Lawmakers will on Saturday debate emergency legislation that would give the business secretary, Jonathan Reynolds, the power to keep the S****horpe British Steel site running as the government tries to find a buyer to co-invest in the steelmaker.
Why is the name censored? Omg it is censoring the cunt inside Scunthorpe
Amazing, it’s literally called the Scunthorpe problem too!
Even more relevant now that AI bots are a thing and are subject to puritanical advertiser-friendly American sensibilities.
I reposted this to see why. It seems like it is OPs instance doing the filter, mine retains the original text.
Interesting. @mc900ftJesus@lemy.lol, any idea why it would do that?
It wasn’t my instance, I was pulling an elaborate ruse after seeing what town it was.
Shitty insurance ran by puritans, probably
I never made it past flailing. Sounds kinda dangerous.
UK government go “brrrrr” to bail out failing, Chinese owned, massively polluting steel co.
Massively failing, hugely polluting UK water companies, pumping shit into our waterways, UK government go “… Let the market sort it out”.
The entire system is fucked.
The current situation is slightly more nuanced than that. The Chinese owners want to shut down the blast furnaces at the site, possibly as early as next week.

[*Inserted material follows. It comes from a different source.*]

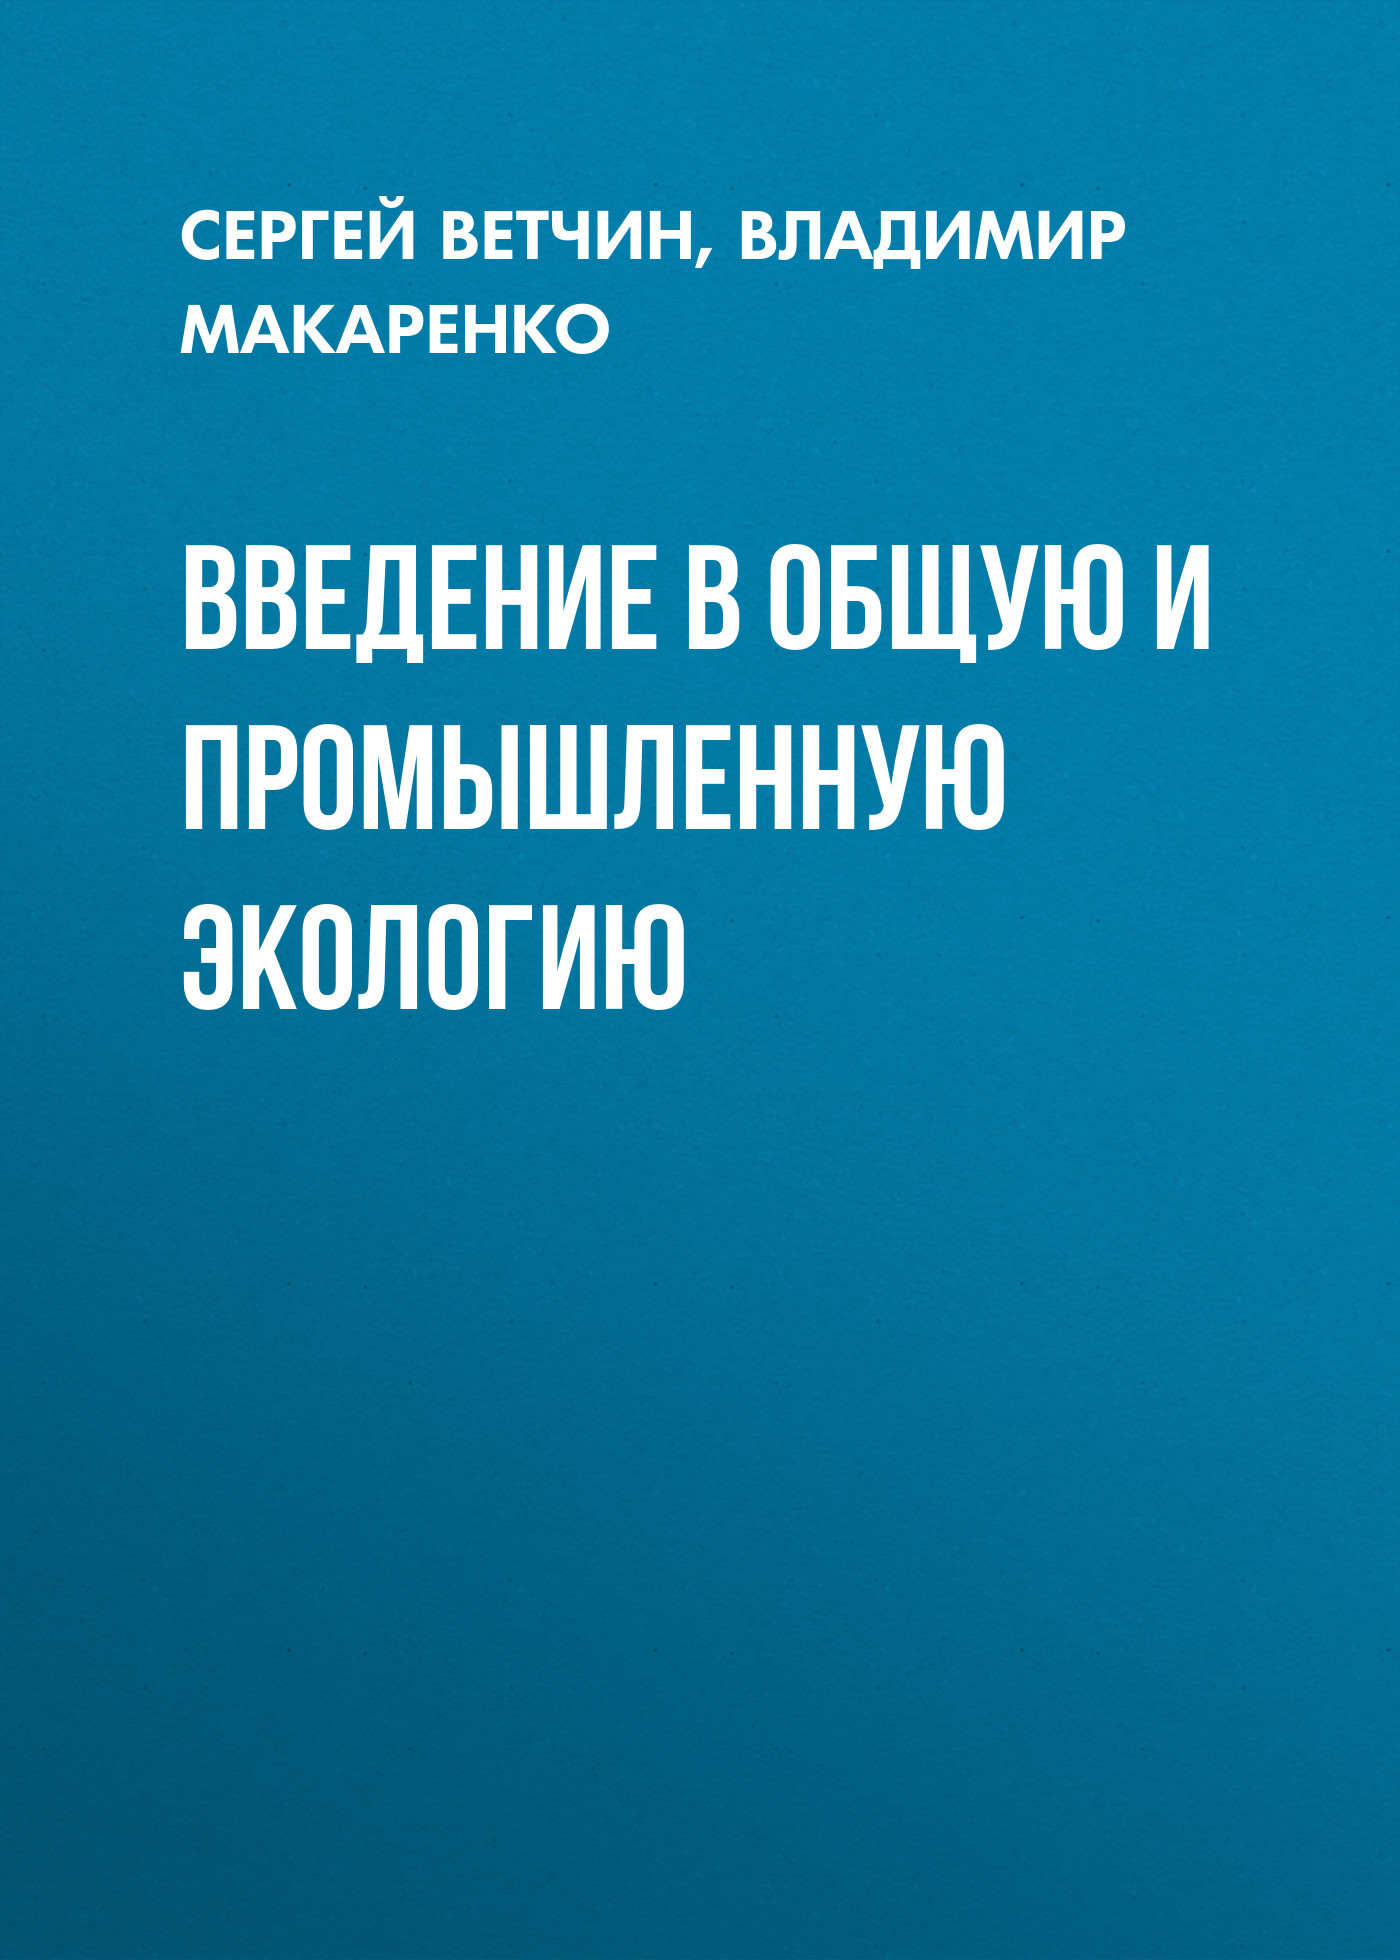 Владимир Макаренко Введение в общую и промышленную экологию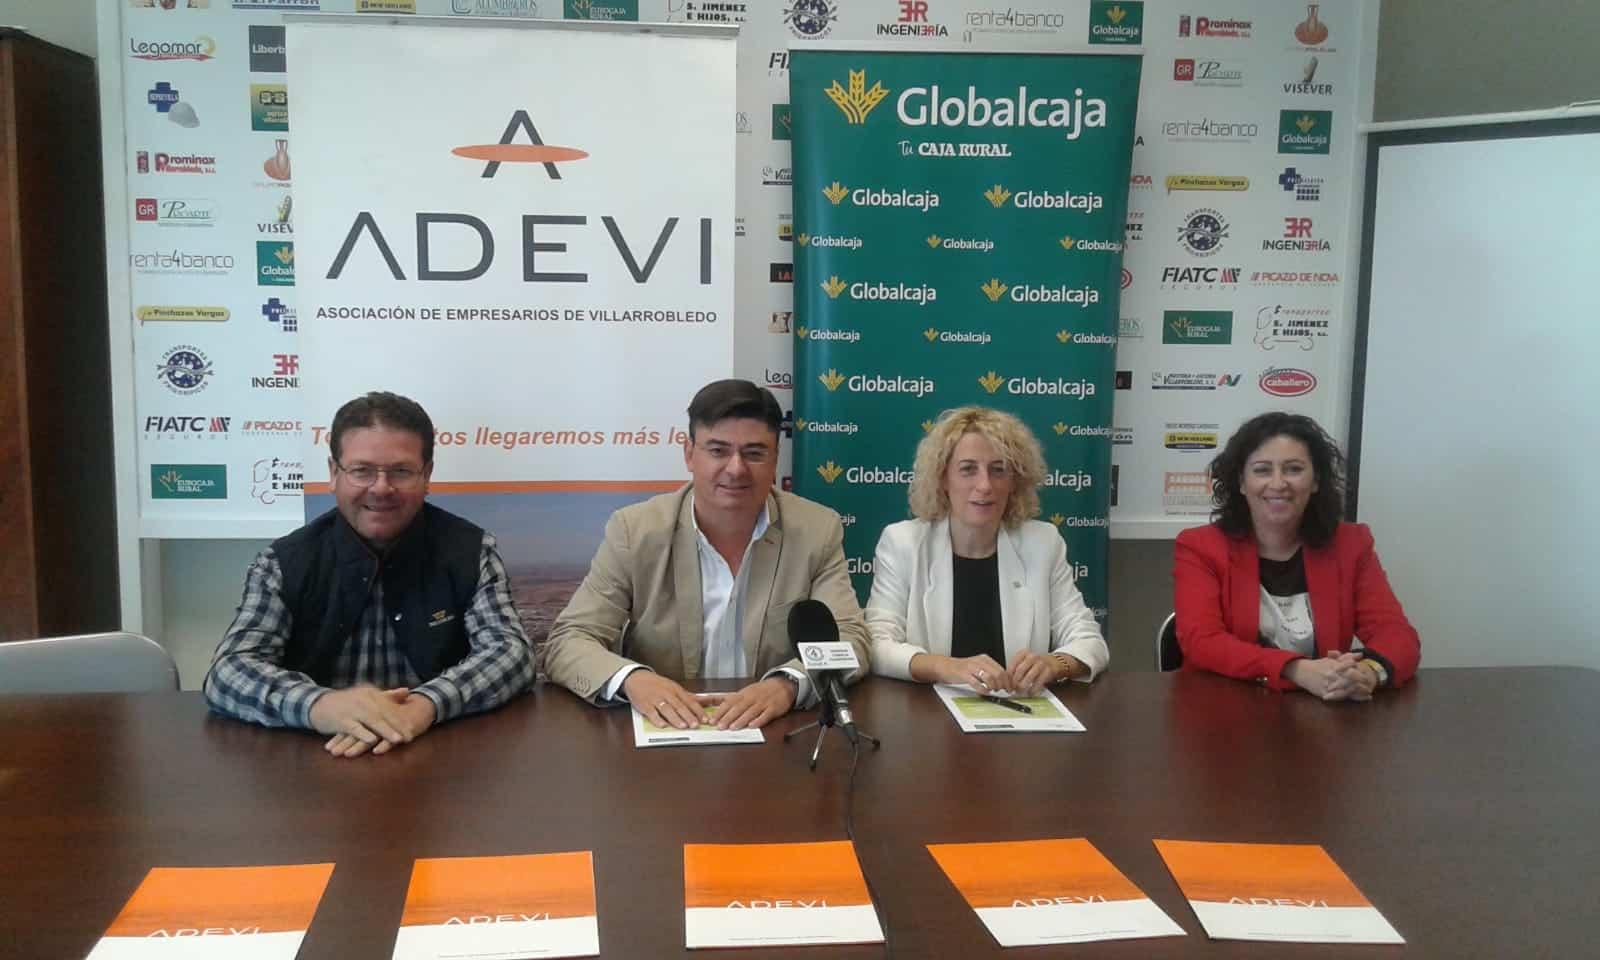 https://blog.globalcaja.es/wp-content/uploads/2019/10/adevi-y-Globalcaja.jpg

Once the furnaces are shut down they cannot be restarted, so that would be the end of the site as a steel production factory, and it’s the only one the UK has that can process iron ore, so it’s considered critical.
The government’s long term plan is to take the site into public ownership, then try to find private sector interest to take on part of it, but short term just to keep it alive long enough to be able to keep it running, with the happy side effect that a large number of jobs are not lost.
None of this is to say the situation with with the water companies is acceptable. Frankly they should already be publicly owned.
Odd wording from Politico, why would they say “plots” as though it were some sinister Machiavellian scheme?